#### [BRIEF]
What is expected is a word-for-word copy of all the entries.
- - -
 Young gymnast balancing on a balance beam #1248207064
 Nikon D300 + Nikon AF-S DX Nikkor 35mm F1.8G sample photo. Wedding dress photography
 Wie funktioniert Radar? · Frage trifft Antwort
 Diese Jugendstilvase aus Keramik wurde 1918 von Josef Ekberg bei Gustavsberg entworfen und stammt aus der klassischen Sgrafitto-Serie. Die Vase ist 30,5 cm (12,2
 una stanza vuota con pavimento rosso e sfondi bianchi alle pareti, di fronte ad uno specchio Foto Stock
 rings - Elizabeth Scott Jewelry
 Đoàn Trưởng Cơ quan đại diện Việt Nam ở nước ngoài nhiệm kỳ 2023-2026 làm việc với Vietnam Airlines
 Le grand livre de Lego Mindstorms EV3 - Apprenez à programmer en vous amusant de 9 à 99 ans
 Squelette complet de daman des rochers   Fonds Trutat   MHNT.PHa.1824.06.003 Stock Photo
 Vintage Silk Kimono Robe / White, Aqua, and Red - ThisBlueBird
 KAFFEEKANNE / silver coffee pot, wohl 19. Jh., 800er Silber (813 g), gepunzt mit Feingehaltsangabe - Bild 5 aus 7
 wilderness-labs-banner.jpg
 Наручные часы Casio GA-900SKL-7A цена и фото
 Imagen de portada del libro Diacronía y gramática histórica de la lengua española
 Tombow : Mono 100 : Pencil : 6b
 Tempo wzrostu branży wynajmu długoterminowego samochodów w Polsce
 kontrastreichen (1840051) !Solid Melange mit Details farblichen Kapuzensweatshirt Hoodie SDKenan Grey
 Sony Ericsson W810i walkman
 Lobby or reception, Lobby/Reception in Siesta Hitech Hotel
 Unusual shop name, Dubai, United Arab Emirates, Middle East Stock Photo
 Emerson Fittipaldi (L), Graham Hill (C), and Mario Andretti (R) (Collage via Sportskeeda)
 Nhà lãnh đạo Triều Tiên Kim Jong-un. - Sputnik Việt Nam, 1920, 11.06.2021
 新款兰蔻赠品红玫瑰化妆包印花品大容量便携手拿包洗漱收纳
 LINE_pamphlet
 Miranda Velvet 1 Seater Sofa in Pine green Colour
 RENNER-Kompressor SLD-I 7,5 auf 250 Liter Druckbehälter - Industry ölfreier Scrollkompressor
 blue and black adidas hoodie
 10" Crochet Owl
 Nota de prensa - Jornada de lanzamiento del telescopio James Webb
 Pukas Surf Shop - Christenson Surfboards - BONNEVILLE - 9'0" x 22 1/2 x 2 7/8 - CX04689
- - -
#### [REPLY]
 Young gymnast balancing on a balance beam #1248207064
 Nikon D300 + Nikon AF-S DX Nikkor 35mm F1.8G sample photo. Wedding dress photography
 Wie funktioniert Radar? · Frage trifft Antwort
 Diese Jugendstilvase aus Keramik wurde 1918 von Josef Ekberg bei Gustavsberg entworfen und stammt aus der klassischen Sgrafitto-Serie. Die Vase ist 30,5 cm (12,2
 una stanza vuota con pavimento rosso e sfondi bianchi alle pareti, di fronte ad uno specchio Foto Stock
 rings - Elizabeth Scott Jewelry
 Đoàn Trưởng Cơ quan đại diện Việt Nam ở nước ngoài nhiệm kỳ 2023-2026 làm việc với Vietnam Airlines
 Le grand livre de Lego Mindstorms EV3 - Apprenez à programmer en vous amusant de 9 à 99 ans
 Squelette complet de daman des rochers   Fonds Trutat   MHNT.PHa.1824.06.003 Stock Photo
 Vintage Silk Kimono Robe / White, Aqua, and Red - ThisBlueBird
 KAFFEEKANNE / silver coffee pot, wohl 19. Jh., 800er Silber (813 g), gepunzt mit Feingehaltsangabe - Bild 5 aus 7
 wilderness-labs-banner.jpg
 Наручные часы Casio GA-900SKL-7A цена и фото
 Imagen de portada del libro Diacronía y gramática histórica de la lengua española
 Tombow : Mono 100 : Pencil : 6b
 Tempo wzrostu branży wynajmu długoterminowego samochodów w Polsce
 kontrastreichen (1840051) !Solid Melange mit Details farblichen Kapuzensweatshirt Hoodie SDKenan Grey
 Sony Ericsson W810i walkman
 Lobby or reception, Lobby/Reception in Siesta Hitech Hotel
 Unusual shop name, Dubai, United Arab Emirates, Middle East Stock Photo
 Emerson Fittipaldi (L), Graham Hill (C), and Mario Andretti (R) (Collage via Sportskeeda)
 Nhà lãnh đạo Triều Tiên Kim Jong-un. - Sputnik Việt Nam, 1920, 11.06.2021
 新款兰蔻赠品红玫瑰化妆包印花品大容量便携手拿包洗漱收纳
 LINE_pamphlet
 Miranda Velvet 1 Seater Sofa in Pine green Colour
 RENNER-Kompressor SLD-I 7,5 auf 250 Liter Druckbehälter - Industry ölfreier Scrollkompressor
 blue and black adidas hoodie
 10" Crochet Owl
 Nota de prensa - Jornada de lanzamiento del telescopio James Webb
 Pukas Surf Shop - Christenson Surfboards - BONNEVILLE - 9'0" x 22 1/2 x 2 7/8 - CX04689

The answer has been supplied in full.